Tom has harpooned his fill of seals in the course of his life and, like most other Nootka men of the last generation, has done a considerable amount of commercial sealing for white firms in Behring Sea. He has caught a few sea otters, which are now all but extinct, but no sea lions or whales, though he claims to have the hereditary privilege to hunt these animals, and to possess the indispensable magical knowledge without which their quest is believed by the Nootka to be doomed to failure.

Boiled whale and seal meat were highly prized and there was no more joyous event to break the monotony of tribal life than the towing to shore of a harpooned whale, or the drifting to shore of a whale carcass. In either case the flensing knives were quickly got ready, the carcass cut up, and feasts held in the village. Tom remembers how excitedly—he was then but a boy of ten or so—he once reported the appearance of a drifting whale carcass a quarter-mile from shore, how the whole village rushed into its canoes, and how they laboriously floated it on to the sandy beach, with their stout lanyards of cedar rope wound with nettle-fiber. The whale was cut up carefully, under the direction of a “measurer” into its traditionally determined portions, which were then distributed, according to hereditary right, to those entitled to receive them. Tom himself got the meat about the navel as a reward for his find. There was an unusual amount of whale oil tried out that time, and the fires at the feasts leaped higher than ever as the oil was thrown upon them, lighting up in lurid flashes the house posts carved into the likenesses of legendary ancestors.
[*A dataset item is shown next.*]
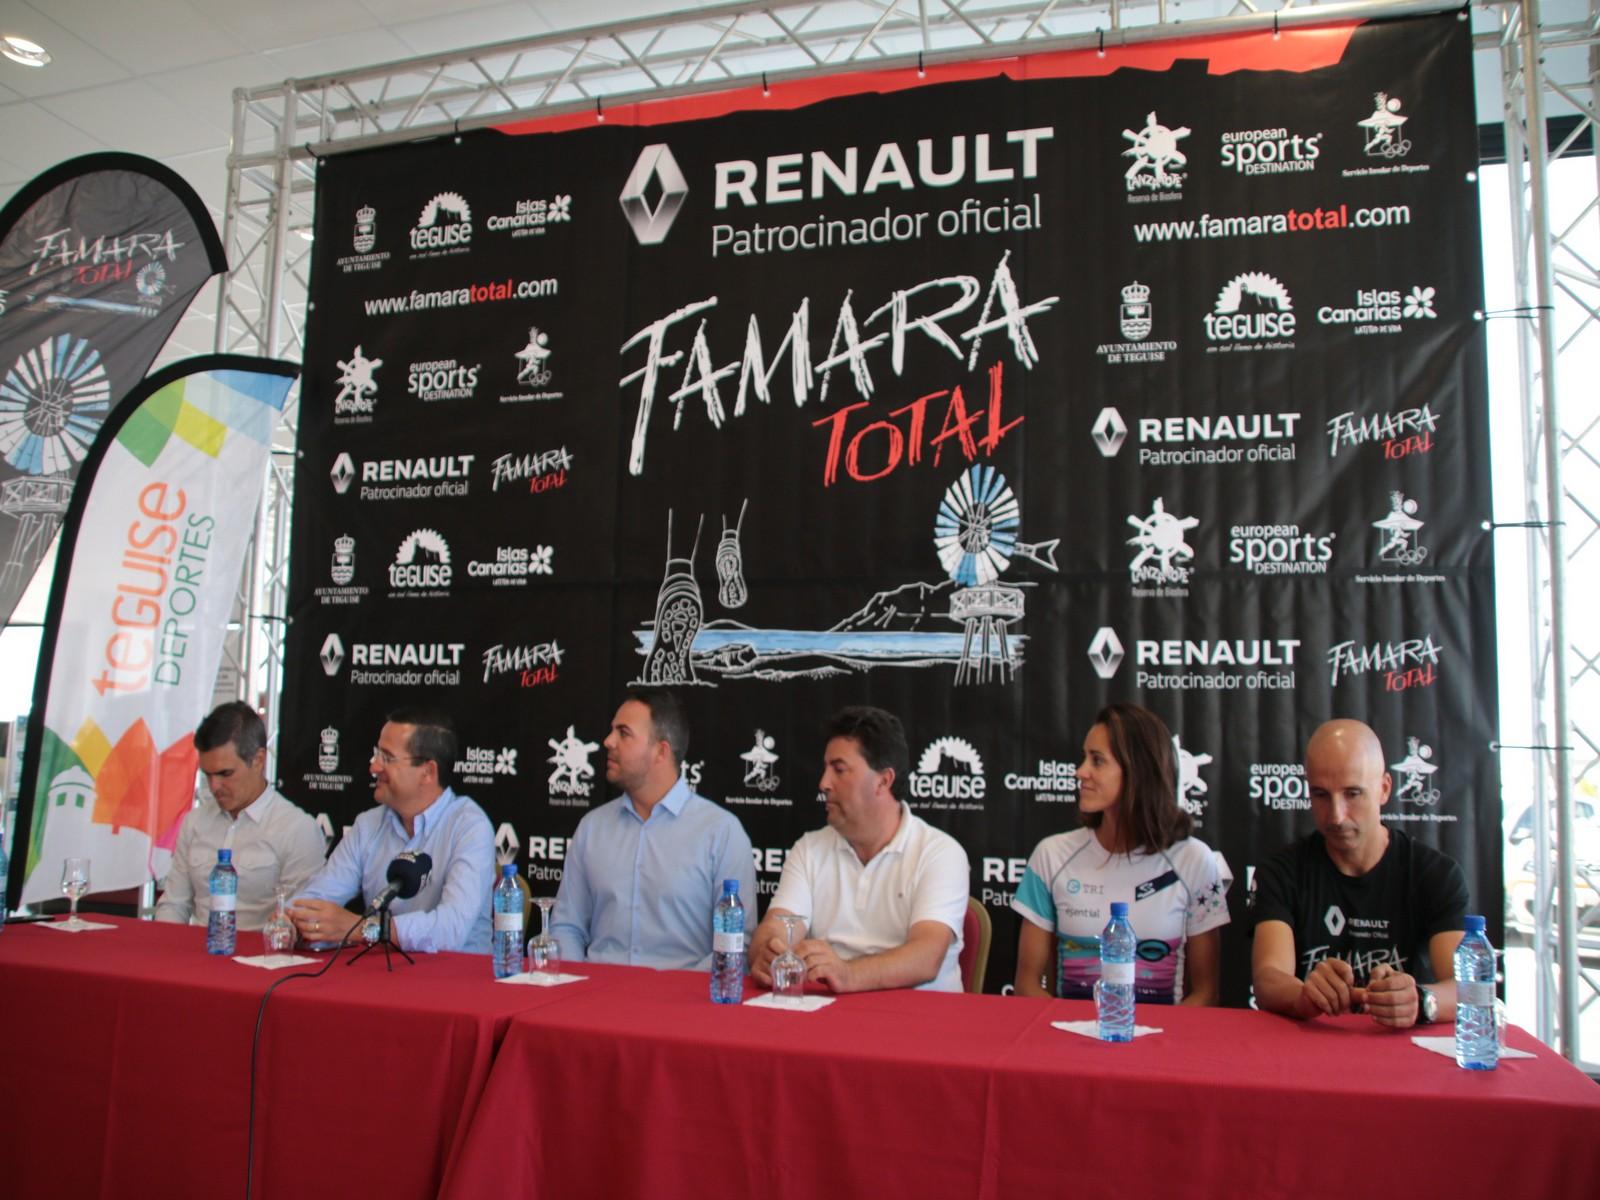 Todo preparado para la tercera edición de la Renault Vertical Famara Total

Tom ate very little meat of land animals in his early days. Indeed, like most of the Coast people, he had a prejudice against deer meat and it was not until, as a middle-aged man, he had come into contact with some of the deer-hunting tribes of the interior of the island, that he learned to prize it, though even to this day venison has not for him the toothsome appeal of a chunk of whale meat. Fish and meat were the staples, yet not the only foods. The women dug up a variety of edible roots such as clover and fern root, which made a welcome change, while blackberries, salmon berries, soapberries, and other varieties, frequently dried and pressed for winter consumption, added a sweetening to the somewhat monotonous fare. One relish Tom has never learned to enjoy—salt. All the older Nootka Indians detest salt in their food.

As Tom grew up, he became initiated into the chief handicrafts of his tribe. He got to be rather skillful at working in wood, both the soft red cedar and the hard yew and spiræa, familiarizing himself with the various wood-working processes—felling trees with wedges and stone hammers, splitting out planks, smoothing with adzes, drilling, handling the curved knife, steaming, and bending by the “kerfing” or notching process. Even in his youngest years, iron-bladed and iron-pointed tools had almost completely replaced the aboriginal implements of stone and shell, but the forms themselves, of the manufactured objects, underwent little or no modification down to the present day. In the course of his long life Tom has made hundreds of wooden articles of use—boxes with telescoping lids, paddles, bailers, fish clubbers, adze handles, ladles, bows, arrow shafts, fire drills, latrines, root diggers, fish spears, and shafts for sealing and whaling harpoons. He has also assisted in making dugout canoes, and has often prepared and put in position the heavy posts and beams of the large quadrangular houses that were still being built in his youth. On the other hand, Tom has never developed much aptitude in the artistic decoration of objects. Such things as paintings on house boards and paddles, or realistic carvings in masks, rattles, ornamental fish clubbers and house posts, are rather beyond his power and have had to be made for him, when required, by others more clever than himself. The one thing that Tom grew to be most proficient in was the preparation of house planks of desired lengths and widths. When he was a young man, he would travel about in canoes from village to village with the stock of planks he had on hand, and trade them for blankets, strings of dentalium shells, dried fish, whale oil, and other exchangeable commodities. It was through trading, rather than through personal success in fishing or hunting, that Tom amassed in time a considerable share of wealth, and it was through his wealth and the opportunity it gave him to make lavish distributions at potlatches or feasts, rather than through nobility of blood, that he came to occupy his present honorable position among his tribesmen.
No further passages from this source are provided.